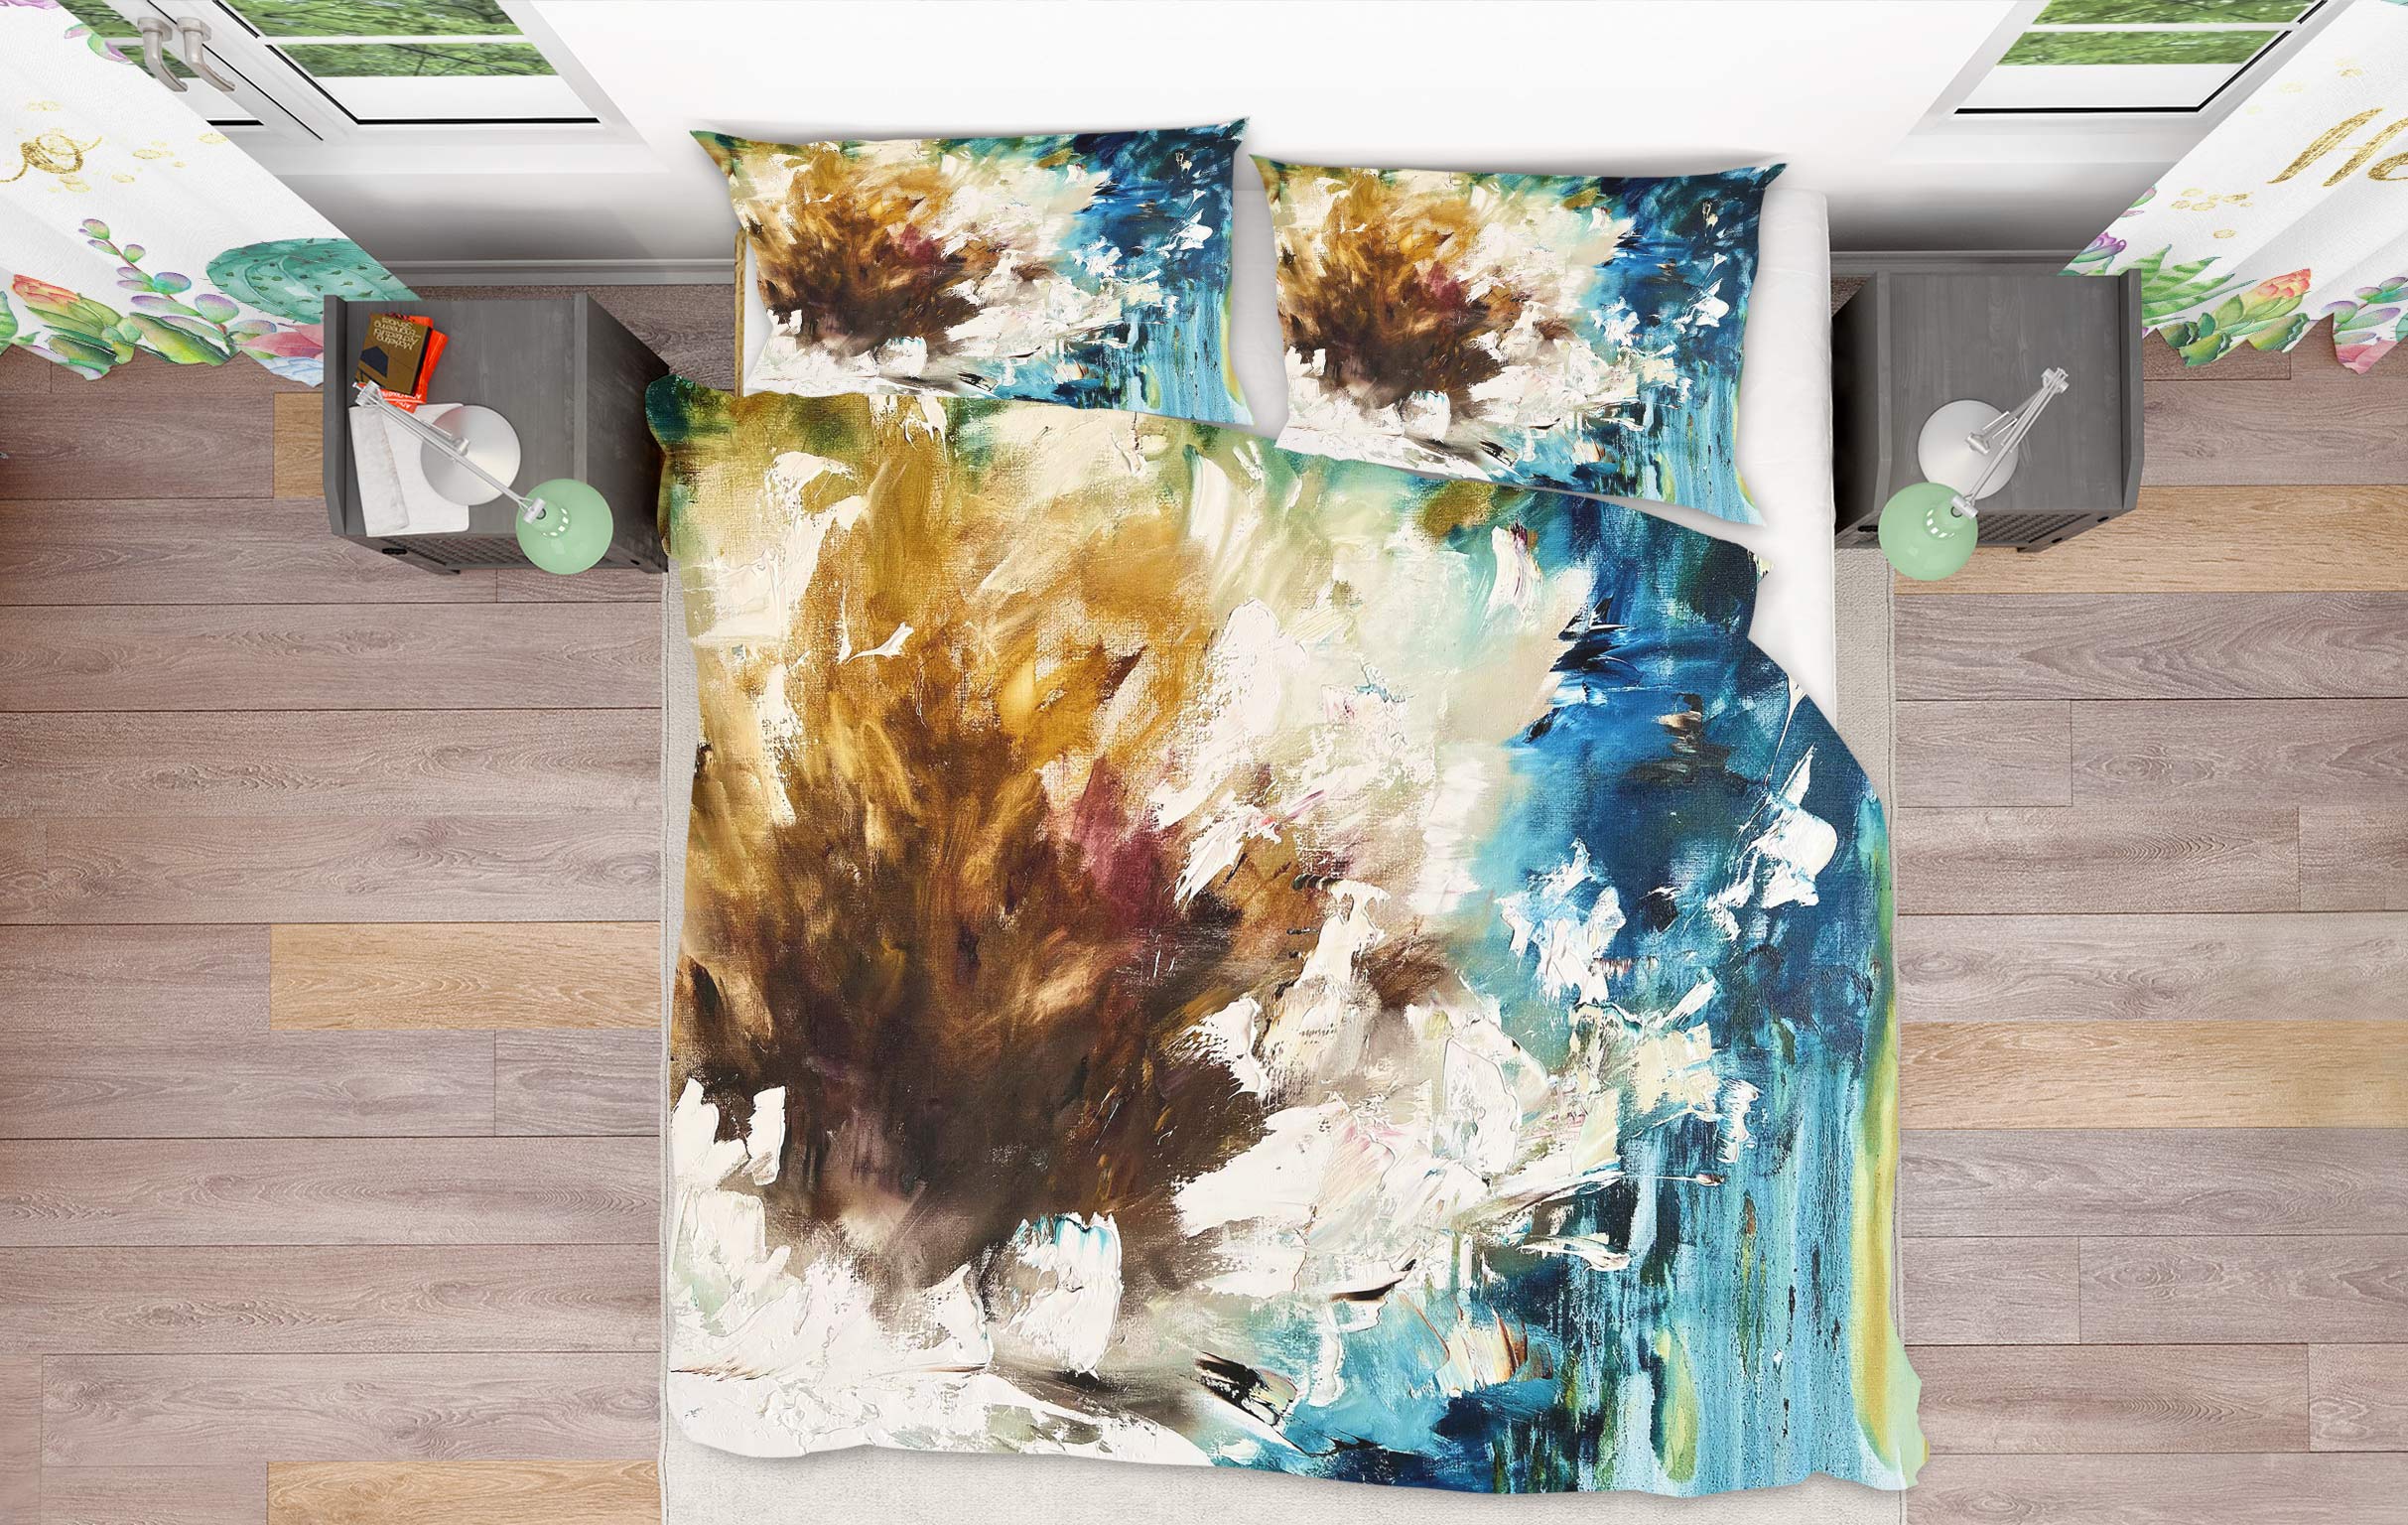 3D Painted Art 486 Skromova Marina Bedding Bed Pillowcases Quilt
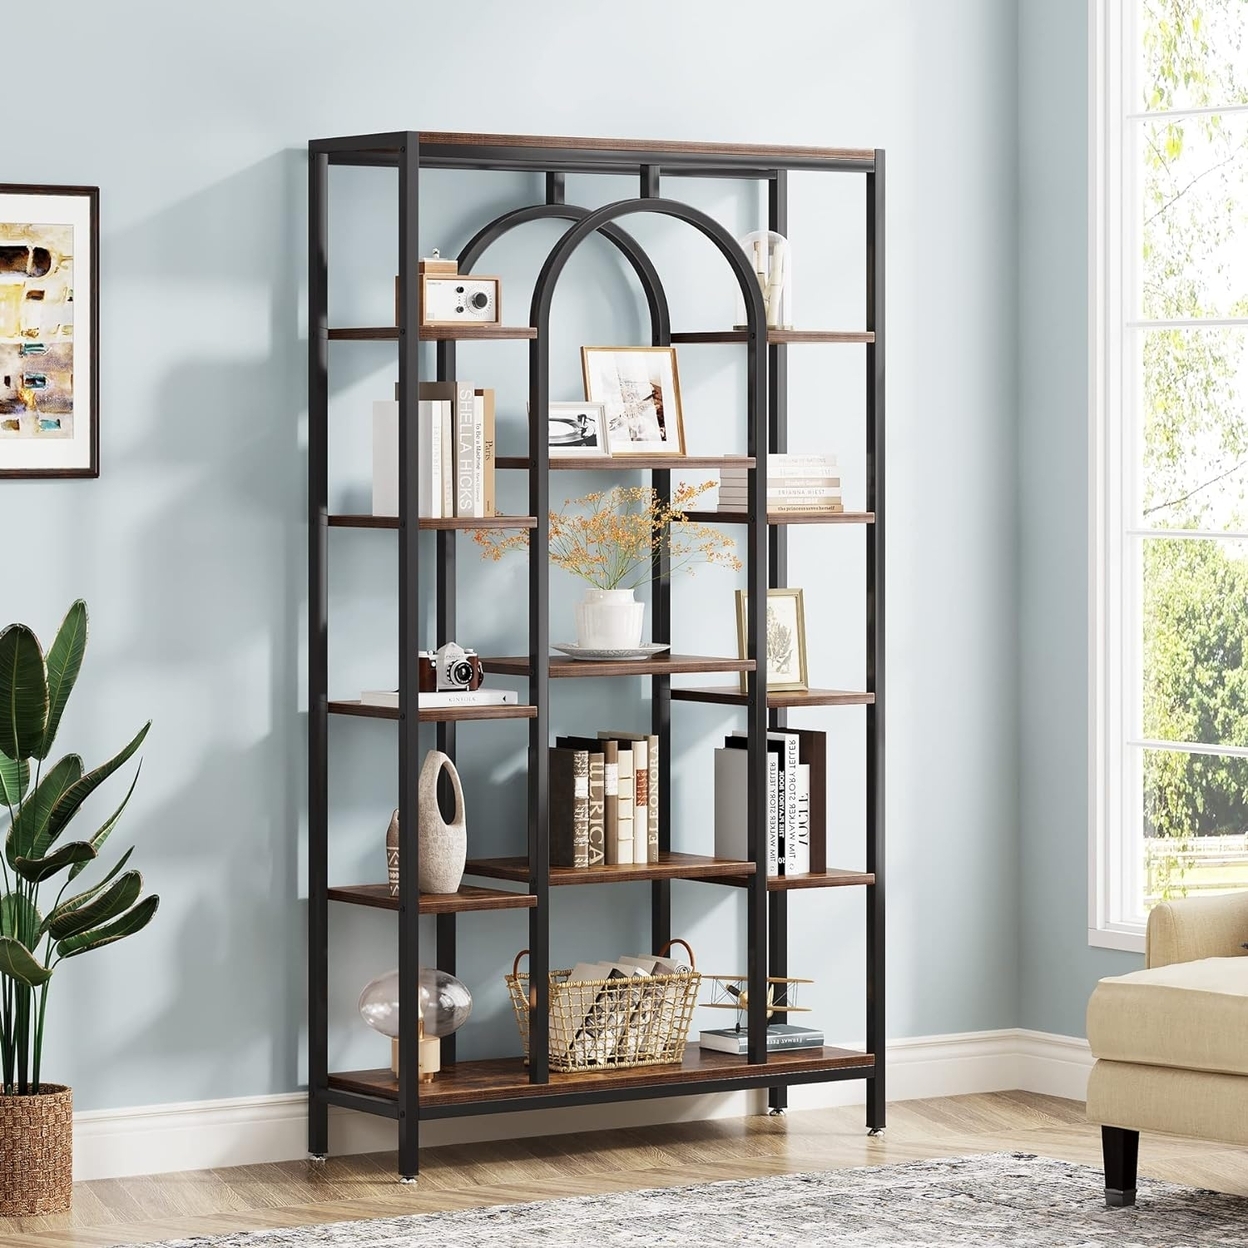 Tribesigns 5-Tier Bookshelf, Industrial Tall Bookcase Book Shelf Organizer Freestanding Open Display Shelves - Rustic Brown
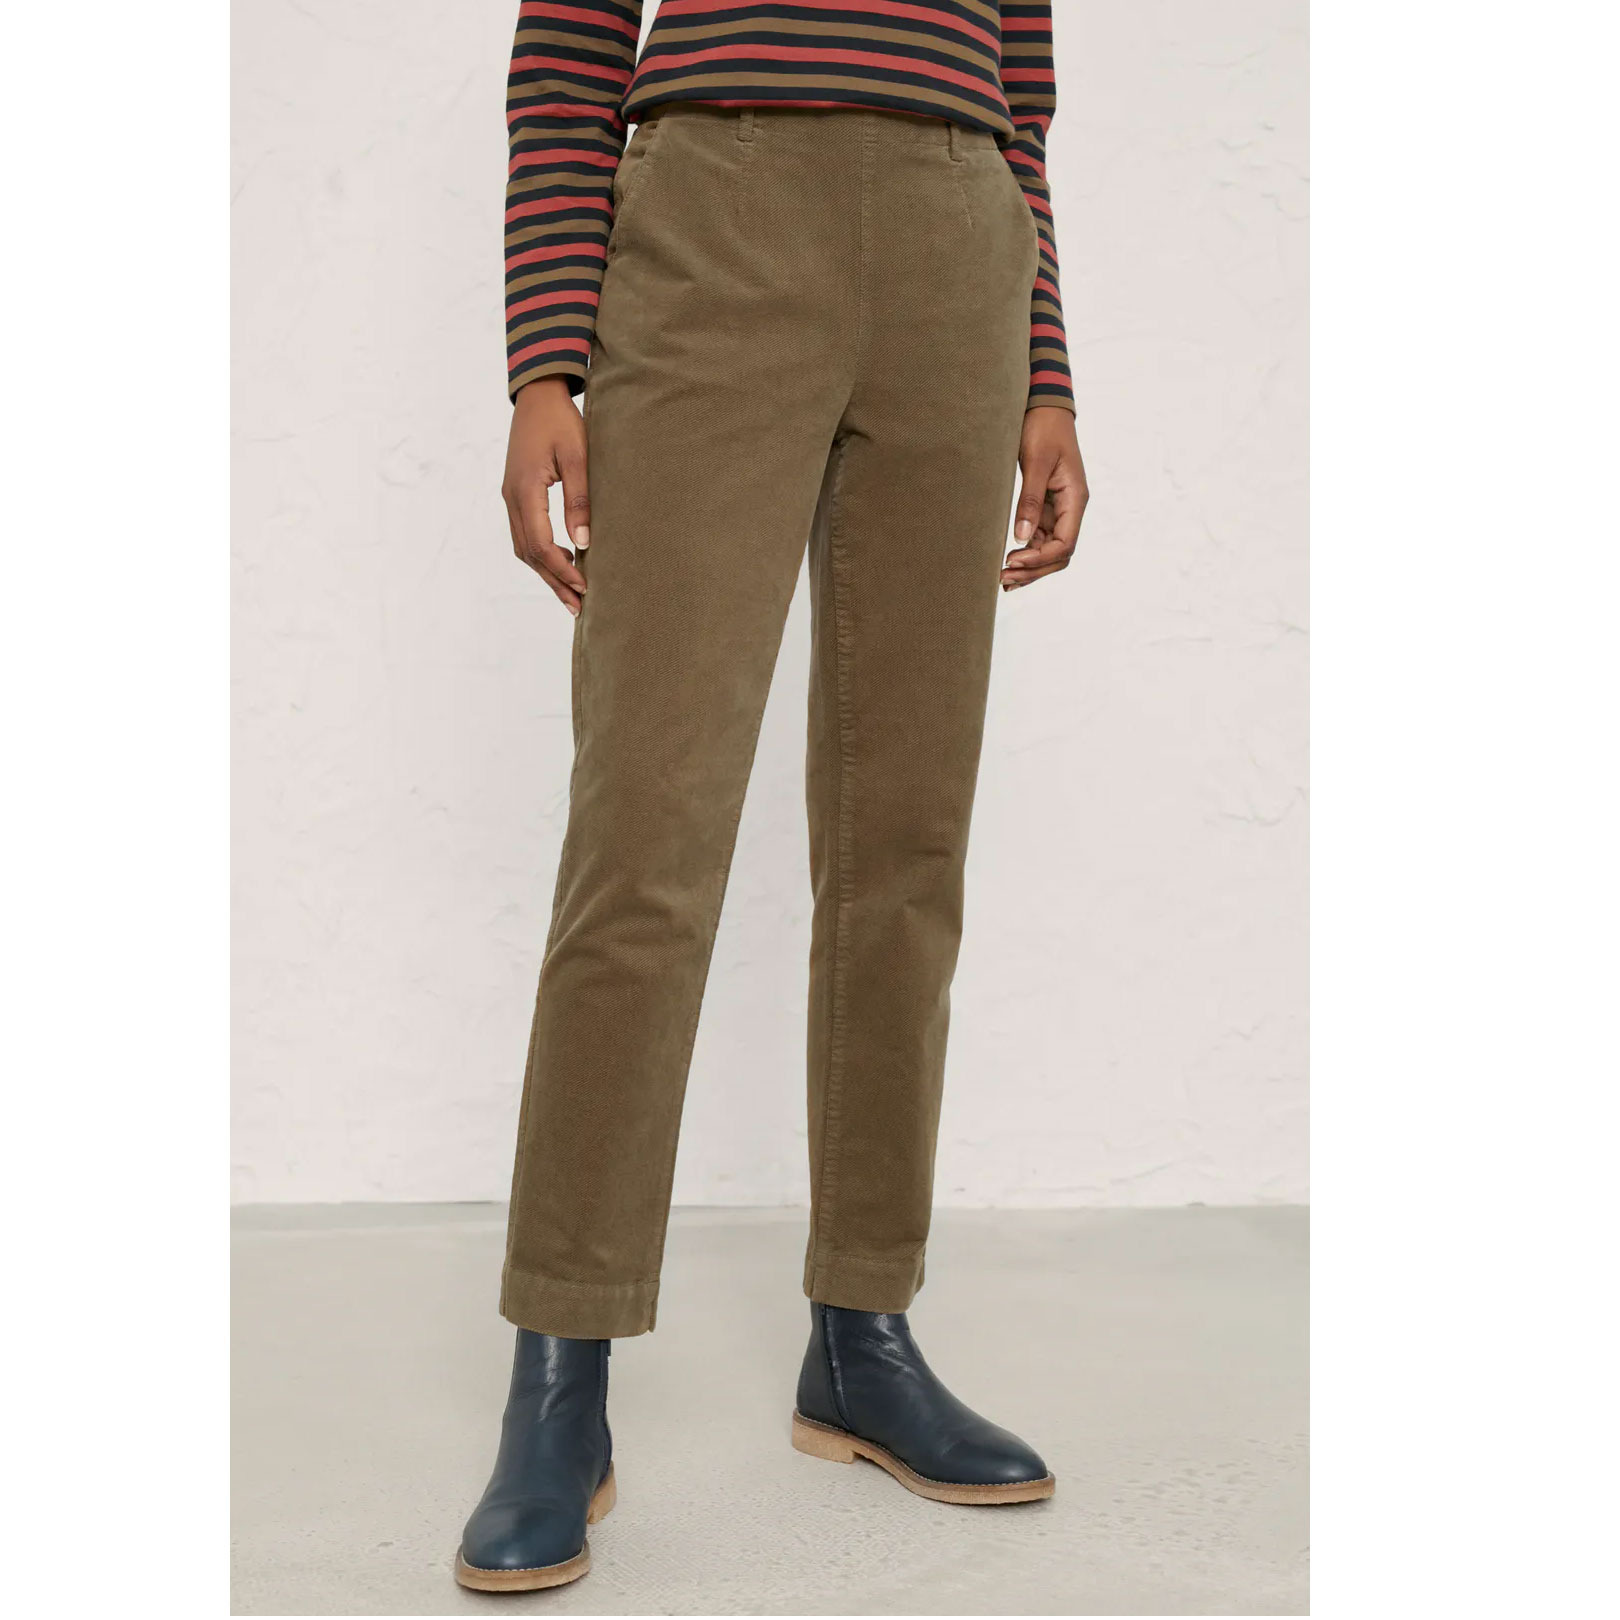 SEASALT Hose Crackington Trousers, Farbe: Dark Seagrass , Größe 52

····················

Description of the task:
Give back, word for word, the lines from the one containing "Tribesigns 5-Tier Bookshelf, Industrial" through the last line of the listing above; include both ends and exclude the pictures.

Task output:
 Tribesigns 5-Tier Bookshelf, Industrial Tall Bookcase Book Shelf Organizer Freestanding Open Display Shelves - Rustic Brown
 SEASALT Hose Crackington Trousers, Farbe: Dark Seagrass , Größe 52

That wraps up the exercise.